Draw a graphical representation of the problem in terms of the original variables \(x_1,x_2\), and indicate the path taken by the simplex algorithm.
3 Robust optimization
You are the owner of a factory that makes widgets and gadgets. For each widget and gadget, there is a set of feature measurements, e.g., the weight, dimensions, material composition, etc., represented by a vector \(x\). For maximum profit, you want the combinations of these features to exactly match a set of standard specifications, e.g., \(Ax = b\), where \(A\) dictates how the features are combined, and \(b\) is the standard. However, realistically, it is too expensive to exactly satisfy \(Ax=b\), so you have to make some concessions.
Instead, you can solve one of three optimization problems:
\[\begin{equation} \min_{x}\;\|Ax-b\|_1 = \sum_{i=1,\ldots,m}|a_i^T x-b_i| \end{equation}\]
\[\begin{equation} \min_{x}\;\|Ax-b\|_\infty = \max_{i=1,\ldots,n}|a_i^T x-b_i| \end{equation}\]
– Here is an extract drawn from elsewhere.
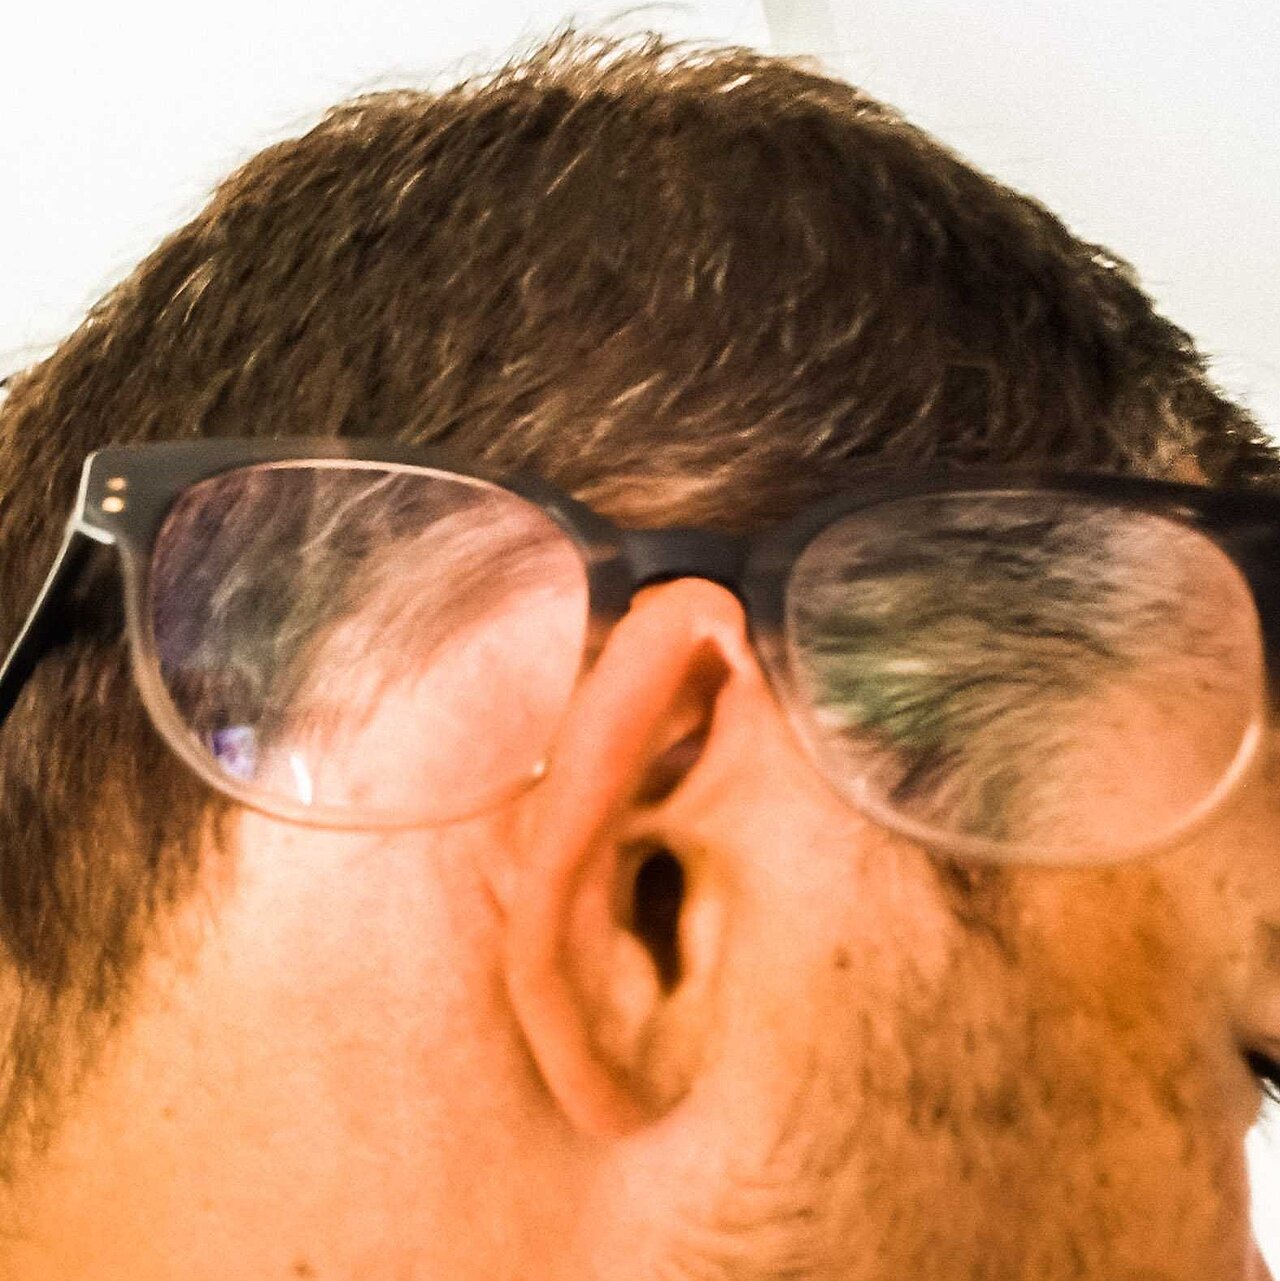 Profil eines Mannes und auf seinem Ohr sitzt eine Brille

\[\begin{equation} \min_{x}\;\|Ax-b\|_2 =\sqrt{ \sum_{i=1,\ldots,n}|a_i^T x-b_i|^2} \end{equation}\]
3.1 One-norm reformulation
Write the one-norm problem as a linear program of the form
\[\begin{equation}\label{eq:linprog-form} \min_{z}\ c^T z \text{ subject to } \hat{A} z \leq \hat{b}, \end{equation}\]
for some \(c\), \(\hat{A}\), and \(\hat{b}\).
3.2 Inf-norm reformulation
Similarly, write the infinity-norm problem as a linear program.
3.3 Histograms
For some randomly generated data (below), plot histograms of the residuals obtained by each of the three formulations.
Here’s the histogram for the residuals of the two-norm formulation:
Produce the historgrams for the one- and inf-norm formulations, using the same data above.